"He that leaveth nothing to chance will do few things ill, but he will do very few things"
About this Quote
Savile was writing out of an eighteenth-century world where power ran on patronage, reputation, and slow-moving institutions. In that environment, the impulse to minimize risk isn't mere personal neurosis; it's a survival strategy. A misstep could cost office, allies, or honor. His line acknowledges the appeal of caution while exposing its political and moral cost: a state (or a statesman) can be so committed to preventing failure that it forfeits ambition. Prudence becomes an alibi.

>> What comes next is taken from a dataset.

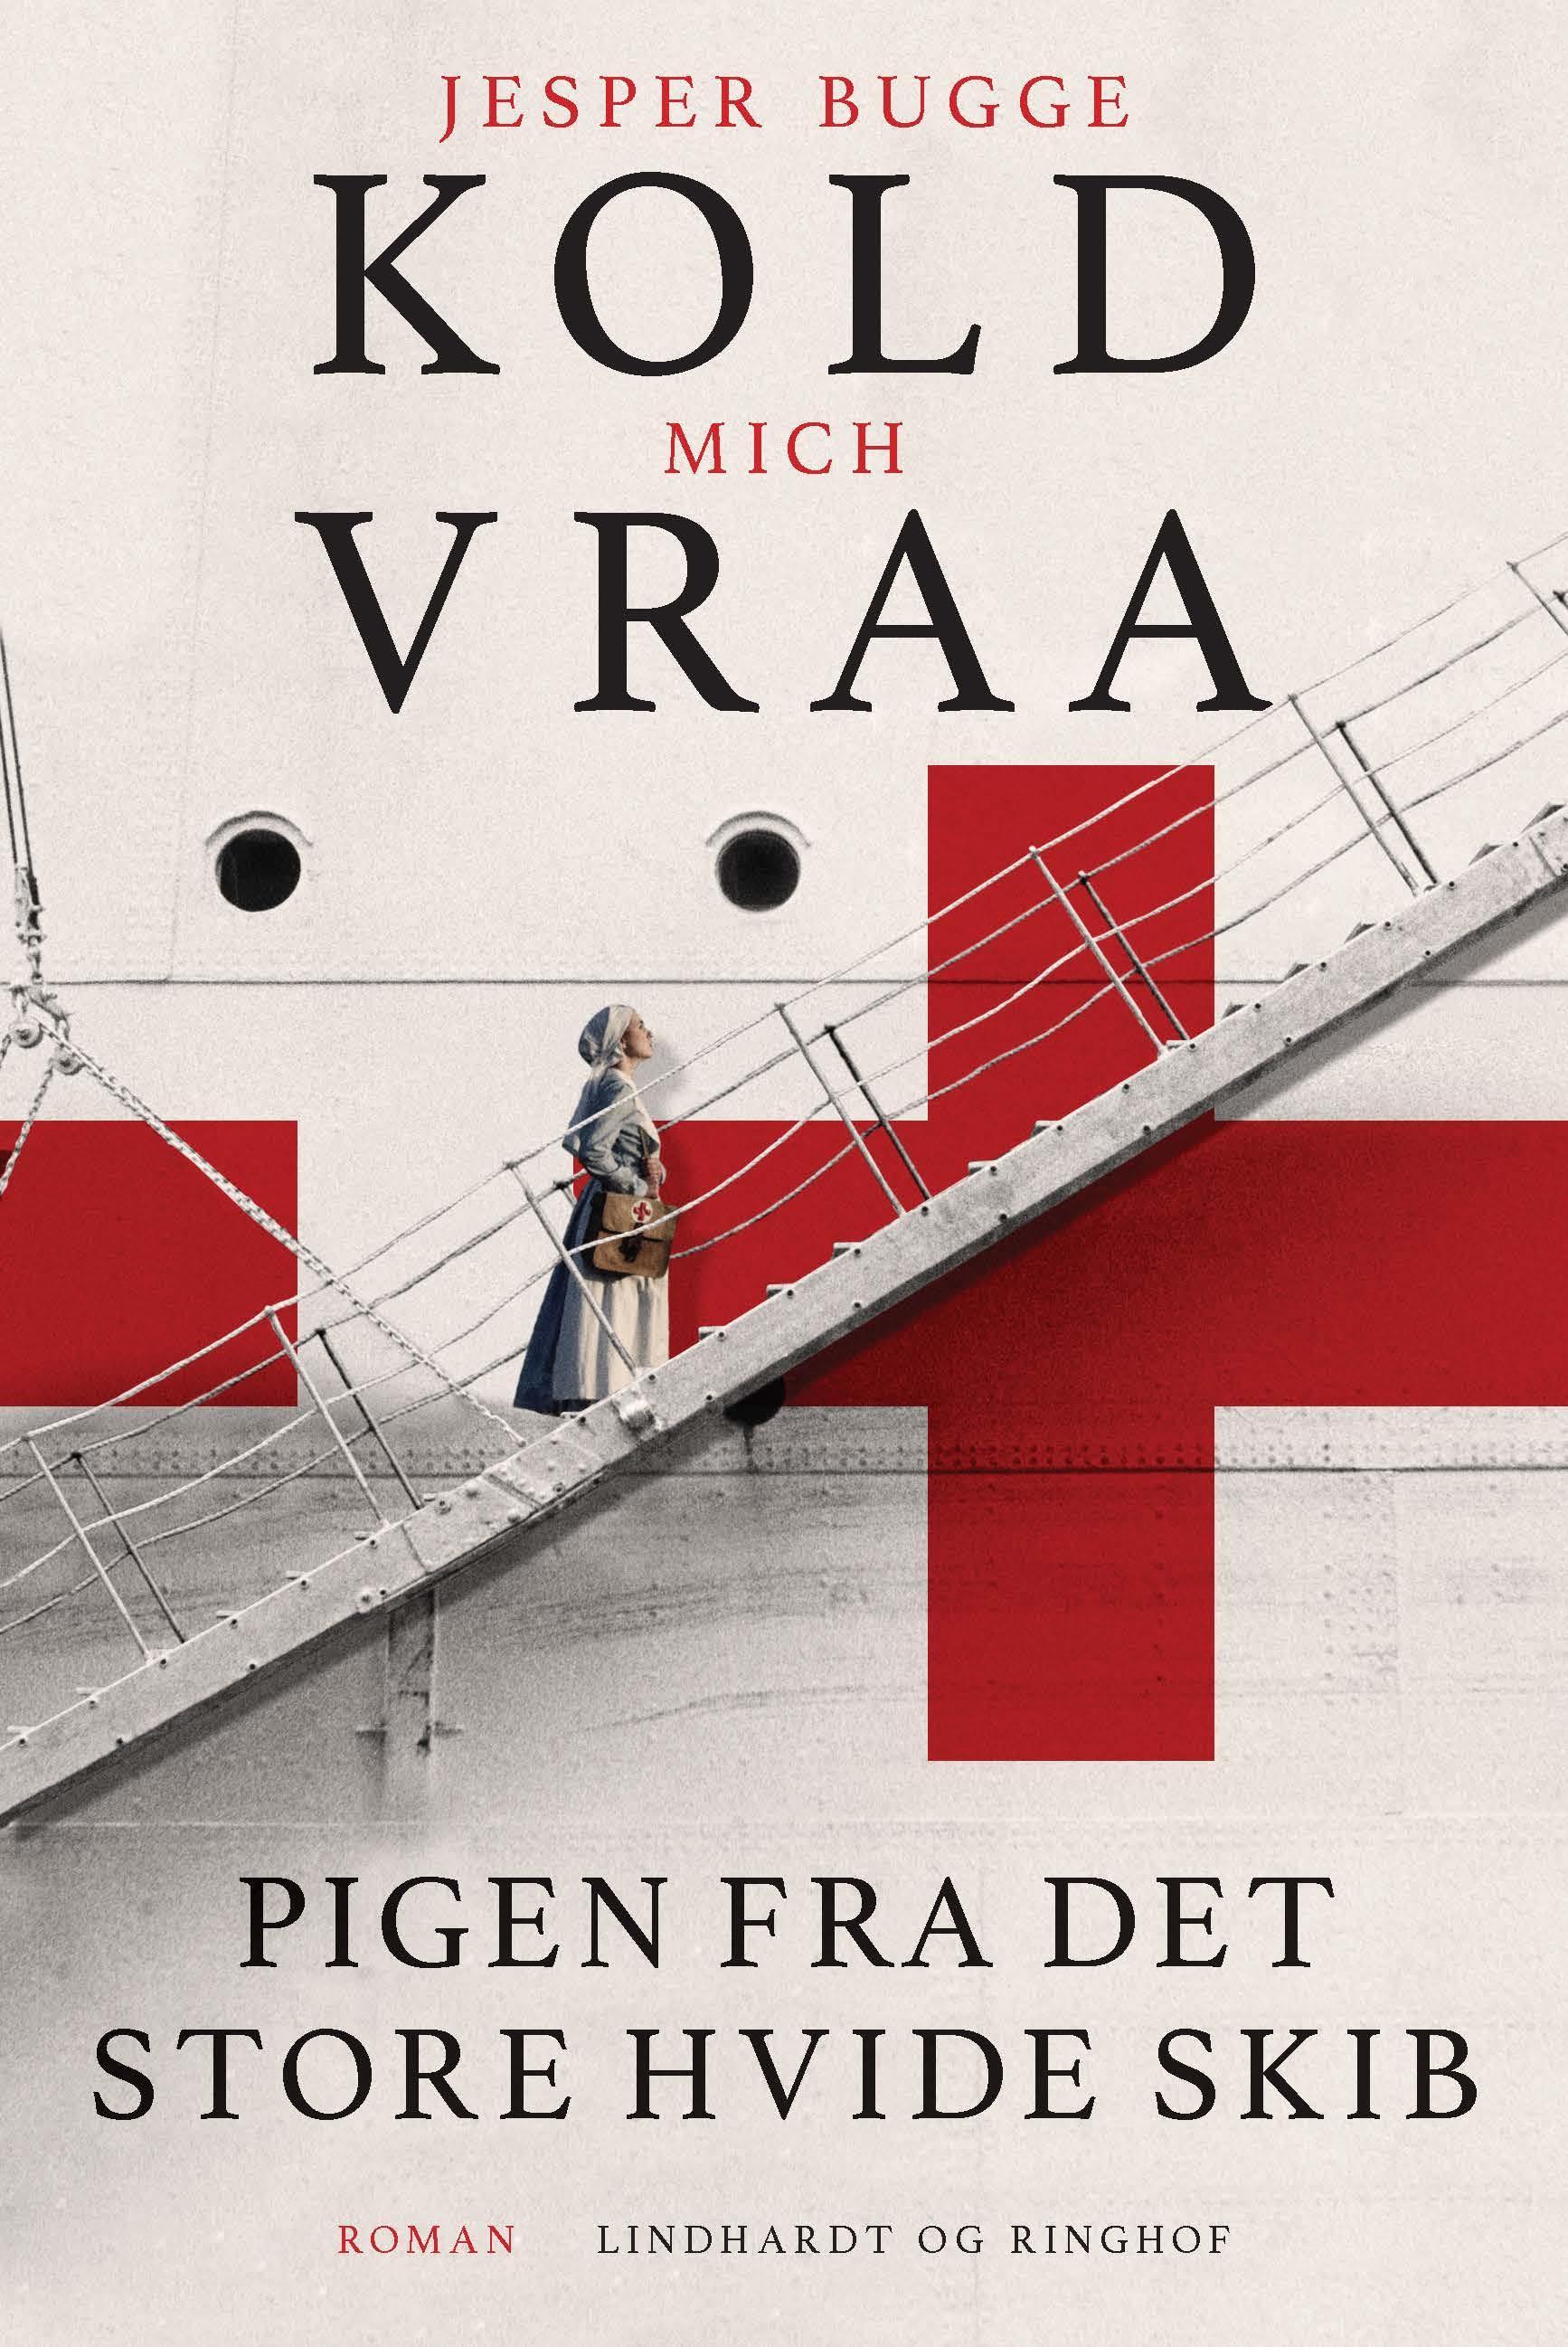 Pigen fra det store hvide skib - Jesper Bugge Kold; Mich Vraa - Bøger - Lindhardt og Ringhof - 9788711989647 - January 23, 2021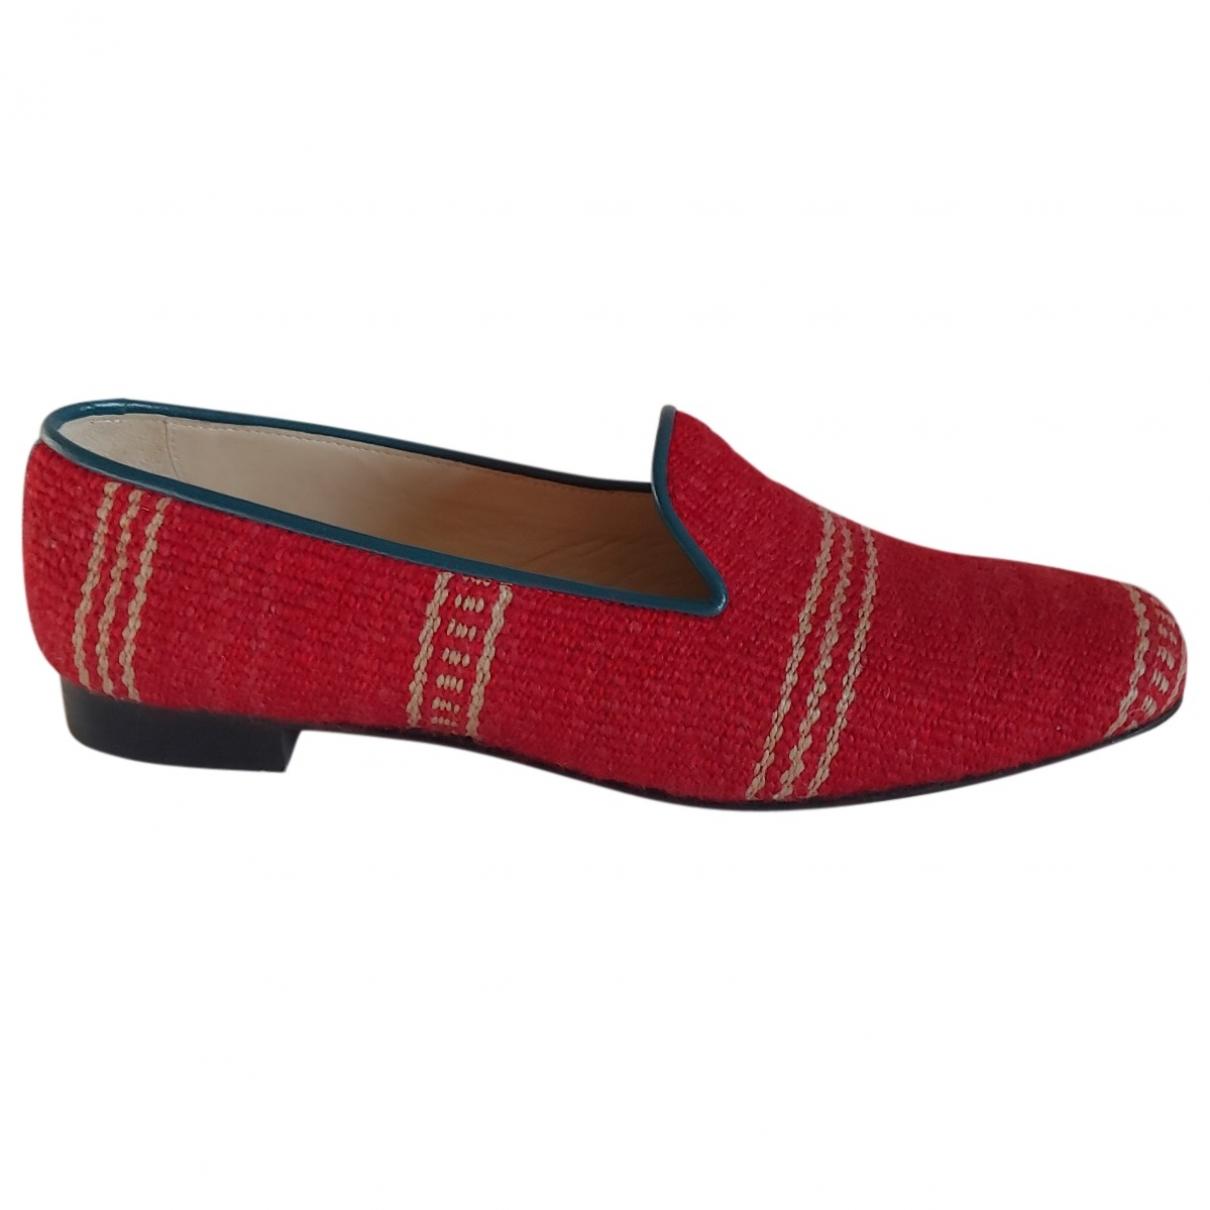 Penelope Chilvers - Escarpins   pour femme en toile - rouge

The subtext is less self-help than indictment. It hints that "chance" isn't an inconvenience but a necessary ingredient of meaningful work - diplomacy, reform, war, even artful governance - where outcomes can't be fully engineered. To eliminate chance is to choose only tasks already domesticated by rules, precedent, and low stakes. Savile's sentence works because it refuses to romanticize risk, yet it refuses to sanctify risk-avoidance. It frames boldness not as recklessness, but as the willingness to accept that doing anything worth doing invites uncertainty.
Quote Details
| Topic | Wisdom |
|---|---|
| Source | Help us find the source |
| Cite |
Citation Formats
APA Style (7th ed.)
Savile, George. (2026, January 15). He that leaveth nothing to chance will do few things ill, but he will do very few things. FixQuotes. https://fixquotes.com/quotes/he-that-leaveth-nothing-to-chance-will-do-few-16989/
Chicago Style
Savile, George. "He that leaveth nothing to chance will do few things ill, but he will do very few things." FixQuotes. January 15, 2026. https://fixquotes.com/quotes/he-that-leaveth-nothing-to-chance-will-do-few-16989/.
MLA Style (9th ed.)
"He that leaveth nothing to chance will do few things ill, but he will do very few things." FixQuotes, 15 Jan. 2026, https://fixquotes.com/quotes/he-that-leaveth-nothing-to-chance-will-do-few-16989/. Accessed 19 Feb. 2026.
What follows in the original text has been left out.